■ COLLECTED MATERIAL
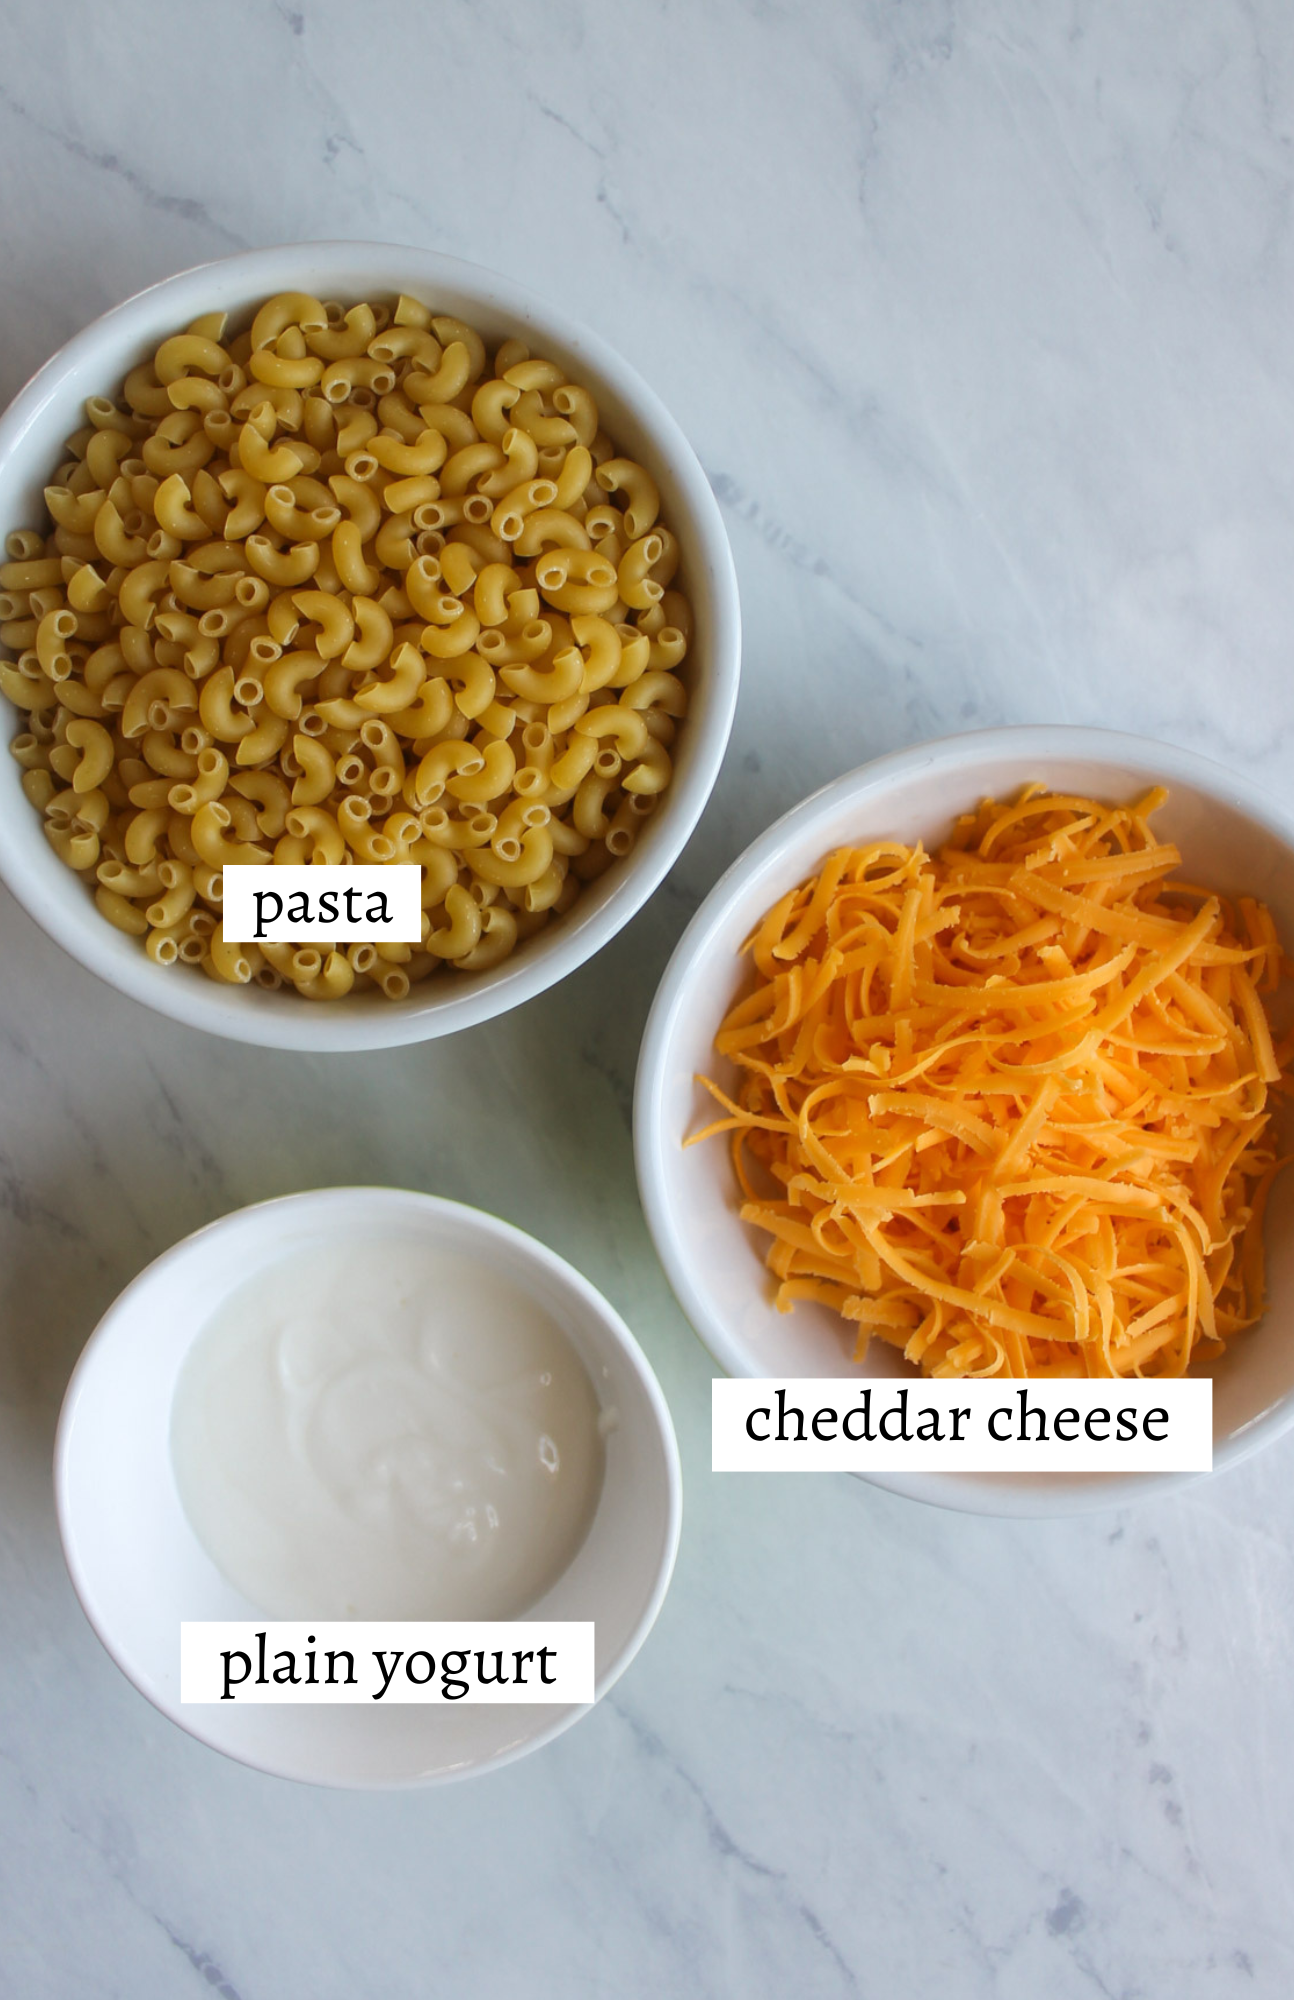 Labeled ingredients for mac and cheese for kids.
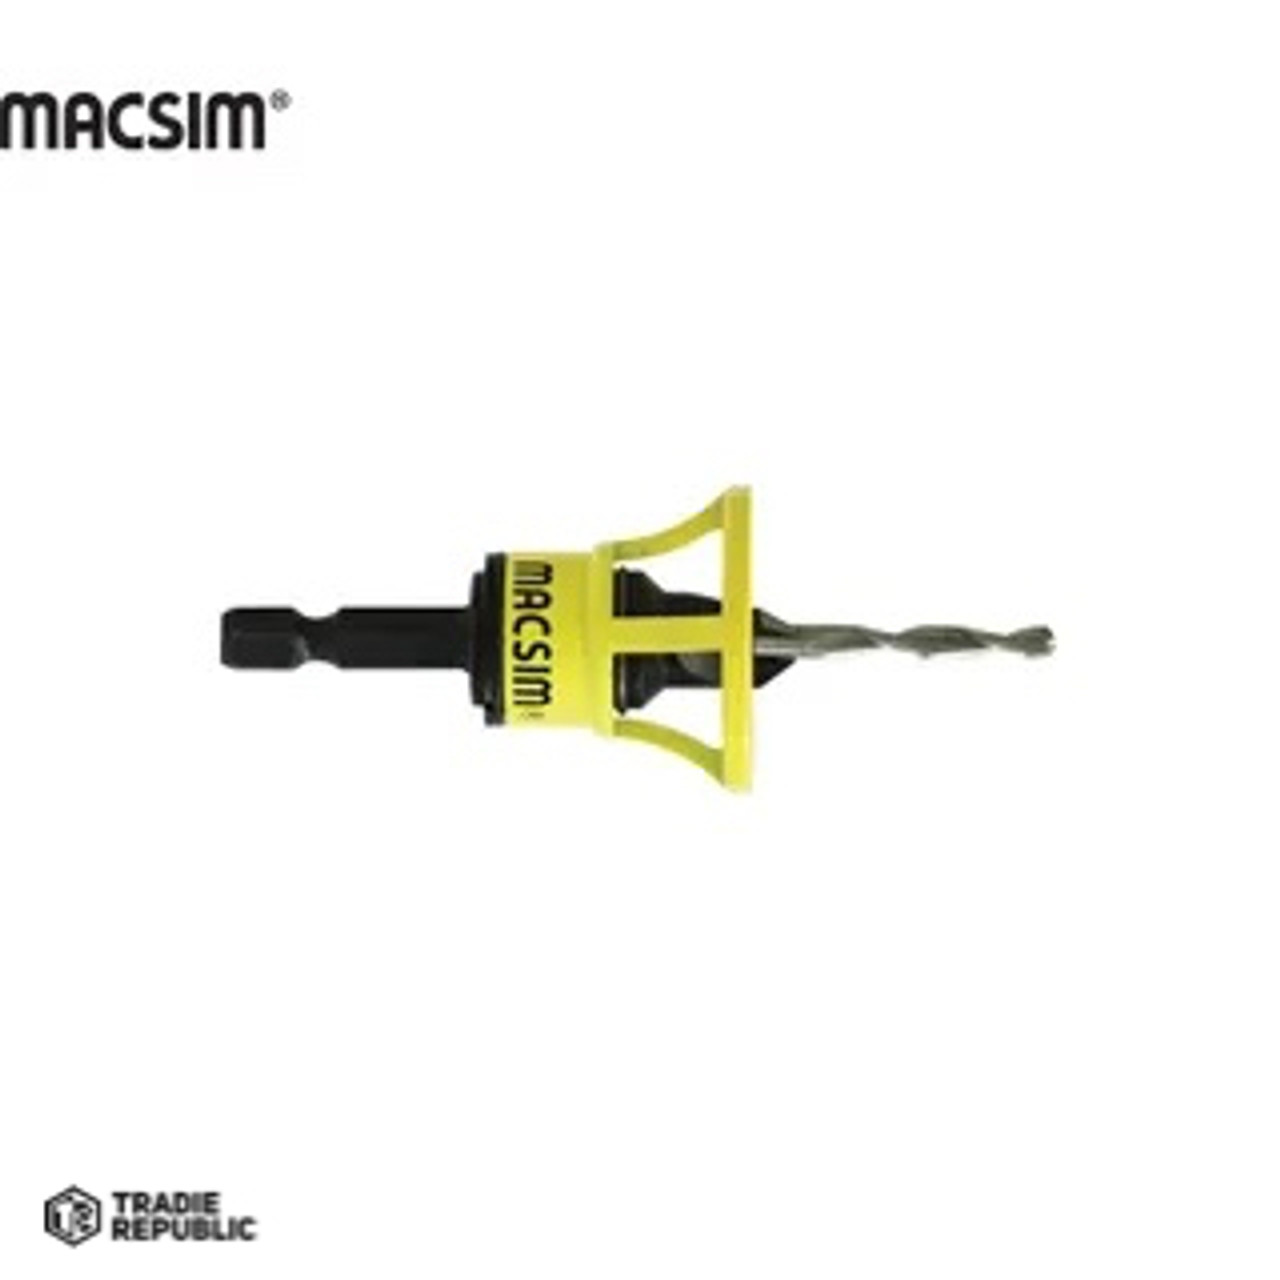 43ACTS08 Macsim Pre Drilling Countersink Tool / Clever Tool 3.20mm for 8G Screws -H43ACTS08
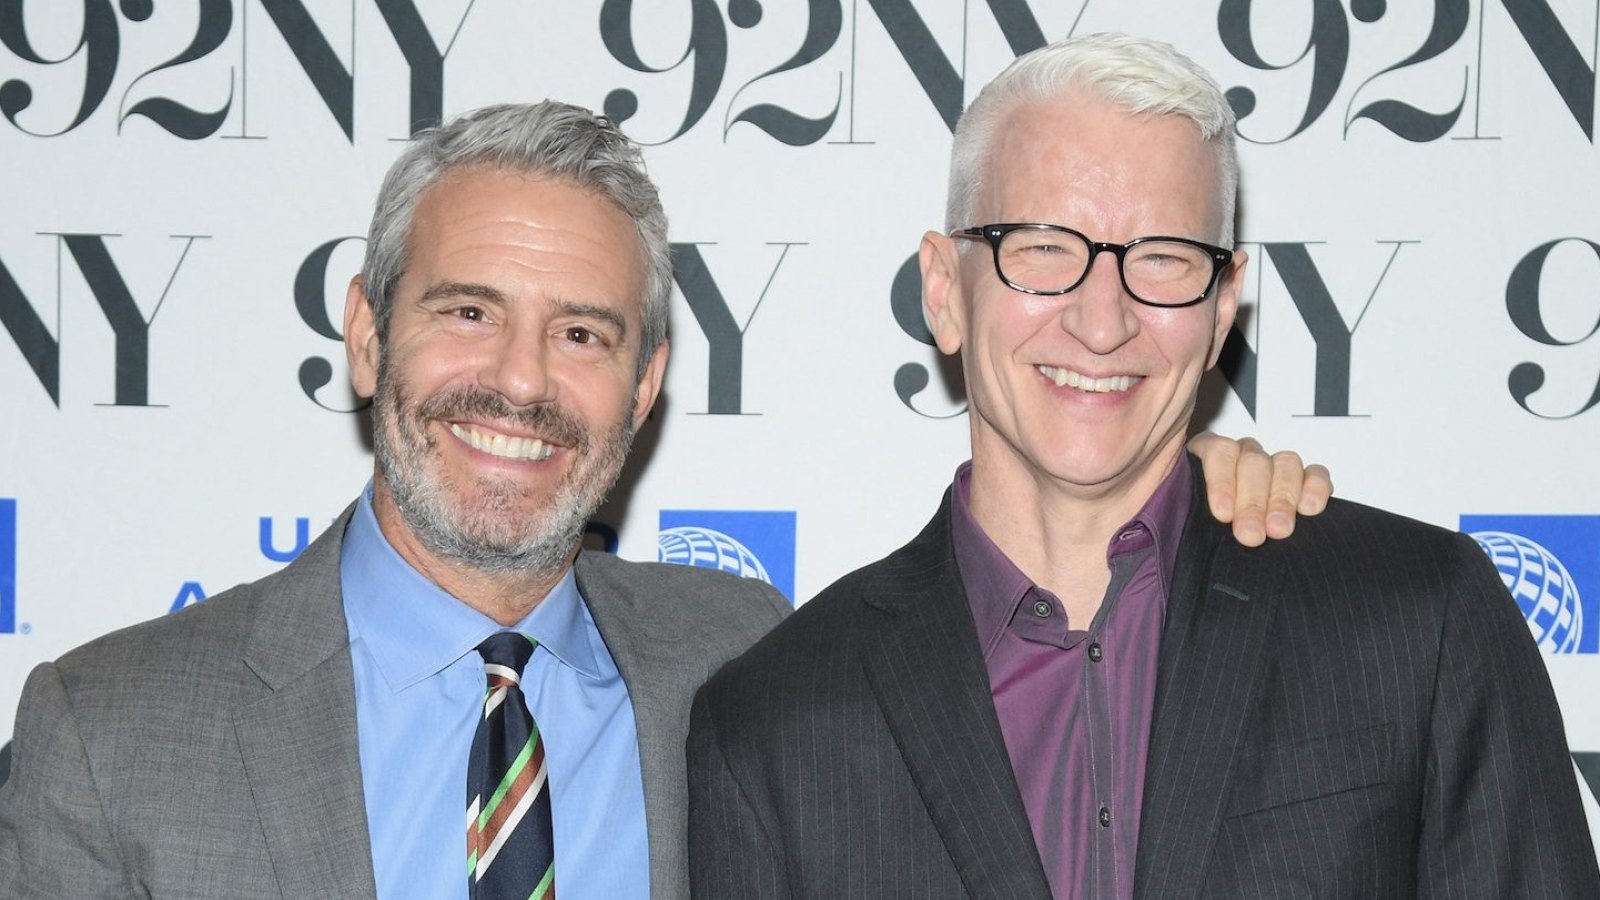 Anderson Cooper Does a Spit Take After Andy Cohen Alleges That the CNN Host Is Open to a Threesome

■ WHAT TO DO
Retype each line above exactly and leave out any picture.

■ TASK RESULT
 Labeled ingredients for mac and cheese for kids.
 43ACTS08 Macsim Pre Drilling Countersink Tool / Clever Tool 3.20mm for 8G Screws -H43ACTS08
 Anderson Cooper Does a Spit Take After Andy Cohen Alleges That the CNN Host Is Open to a Threesome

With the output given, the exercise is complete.